Выбрать главу

Грета незаметно прокралась в комнату больного, уселась в уголке со Скрафом на руках и стала его тихонько покачивать. Когда мимо проходила Кристиан, она поймала ее за юбку и прошептала:

- Сегодня твой день рождения, Крис!

Мистер Трефри шевельнулся.

- Что это? Гром? Стало прохладней. Где я? Крис!

Дони сделал знак Кристиан встать на его место.

- Крис! - сказал мистер Трефри. - Теперь уже скоро.

Она склонилась над ним, и ее слезы закапали ему на лоб.

- Простите меня! - шептала она. - Любите меня, как прежде!

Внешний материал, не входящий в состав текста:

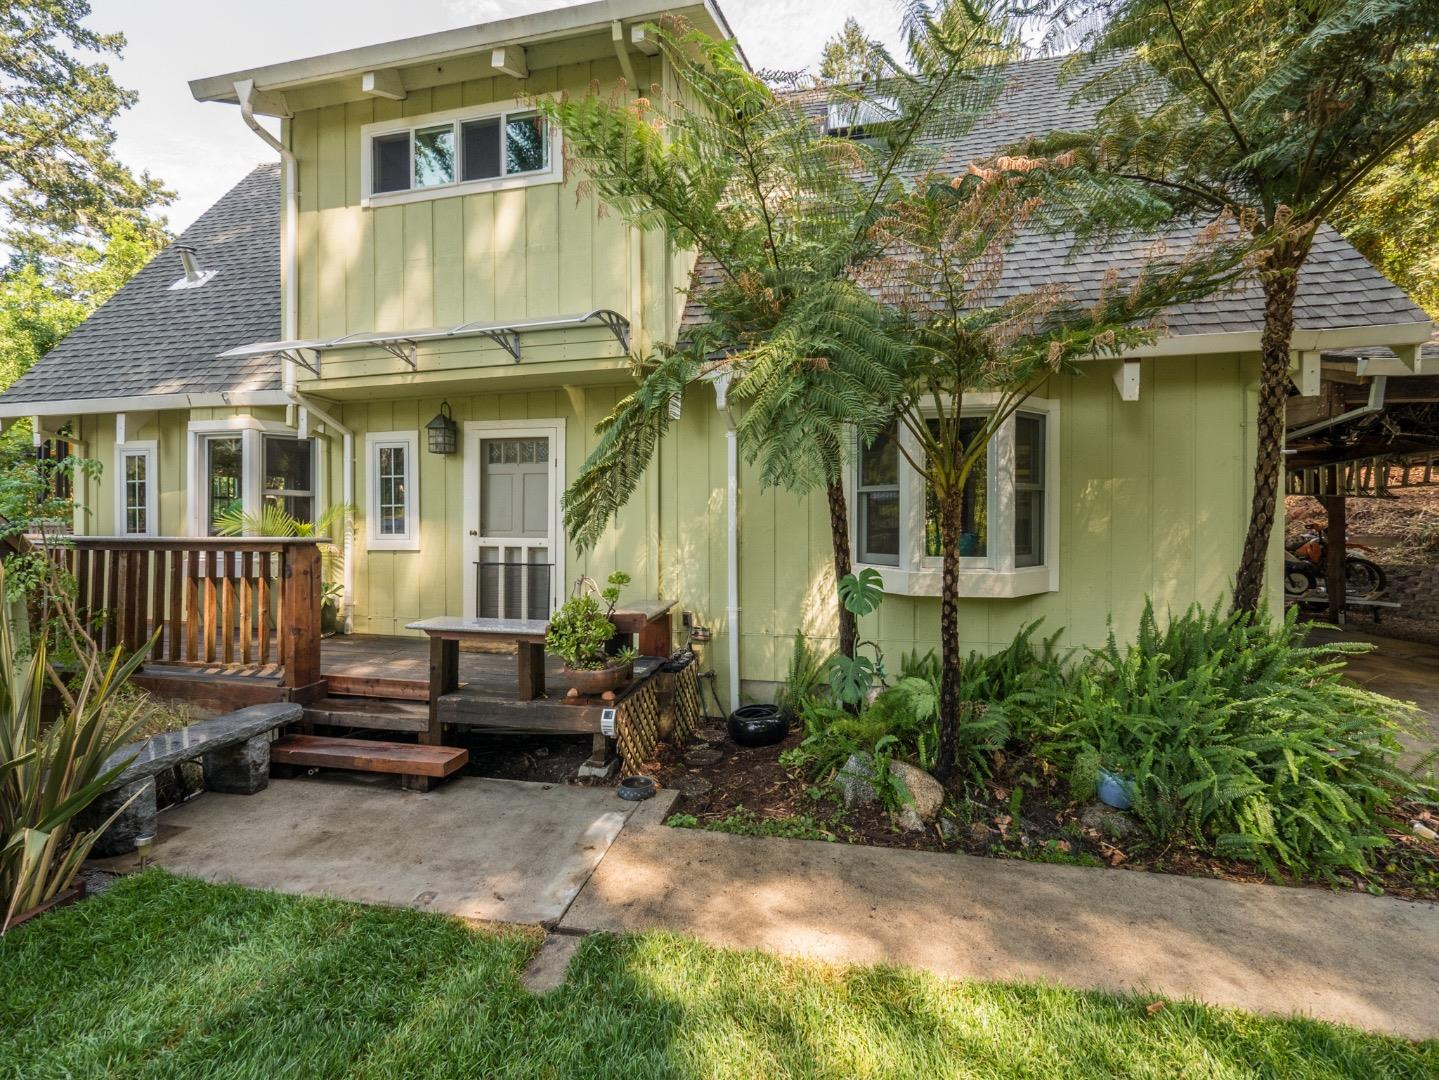 Maison unifamiliale pour l Vente à 1303 Highland Drive 1303 Highland Drive Boulder Creek, Californie 95006 États-Unis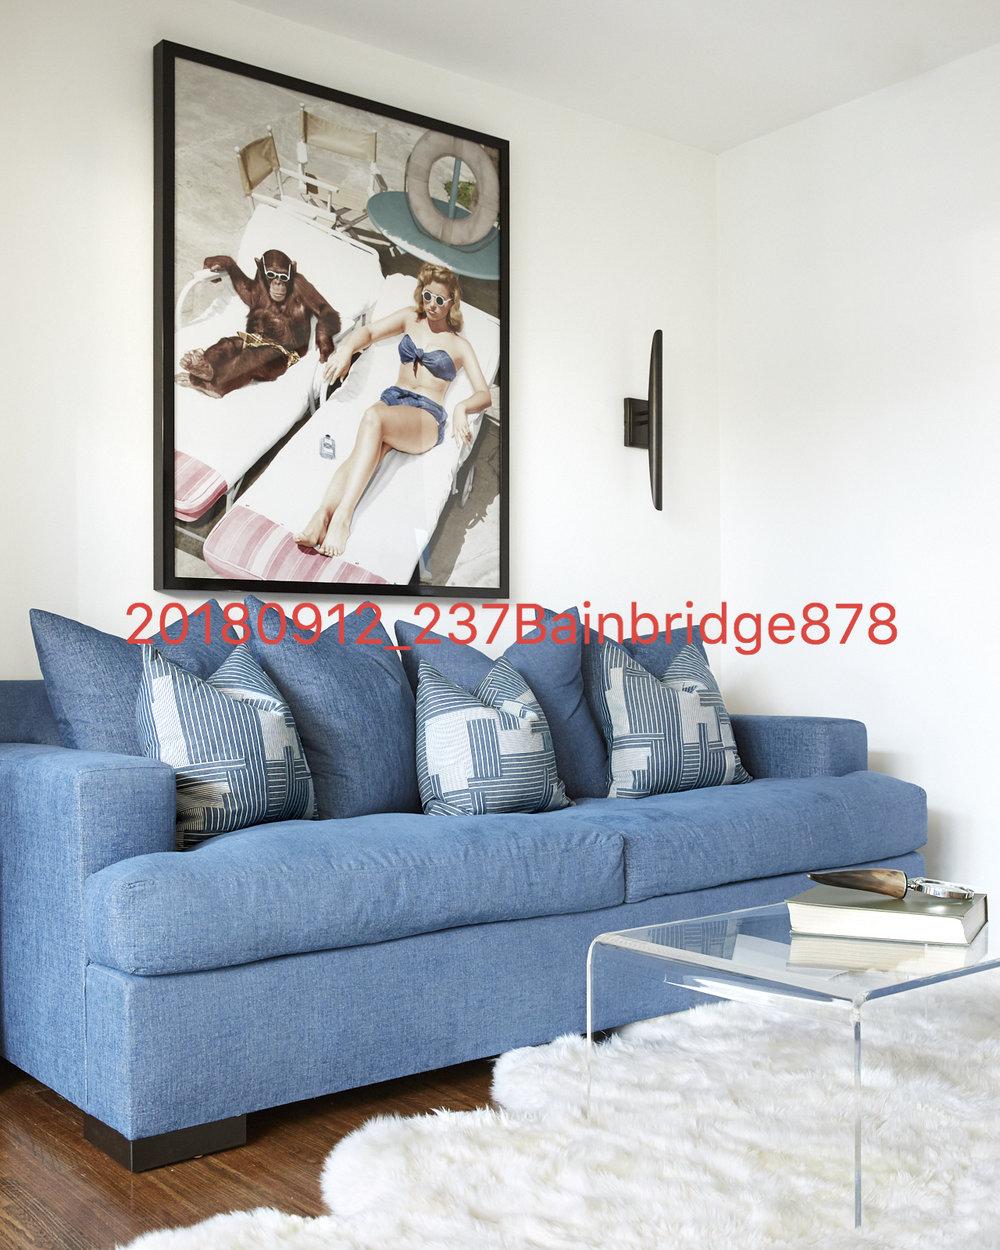 Bainbridge Sample_Web Gallery_135.jpg

Он дотронулся пальцем до ее щеки.

Больше часа он ничего не говорил, только раза два застонал и слегка сжал ей руку. Гроза прошла, но где-то очень далеко еще рокотал гром.

Глаза его открылись еще раз, взгляд их остановился на Кристиан, а потом ушел в небытие, в пропасть, отделяющую юность от старости, убеждение от убеждения, жизнь от смерти.

У кровати, закрыв лицо руками, стоял Дони; позади него на коленях Доминик, воздев руки к небу; в тишине слышалось ровное дыхание уснувшей Греты.

XXIX

Однажды в марте, более чем через три года после смерти мистера Трефри, у окна мастерской на Сент-Джонс-Вуд сидела Кристиан. Небо было покрыто пушистыми облаками, между которыми проглядывали кусочки голубого неба. Время от времени светлый дождичек окроплял деревья, которые каждой веткой тянулись вверх, словно ожидая, когда их уберут молодой листвой. Кристиан казалось, что почки набухают на глазах. На ветках собралось бесчисленное множество пронзительно чирикавших воробьев. В дальнем углу комнаты работал над картиной Гарц.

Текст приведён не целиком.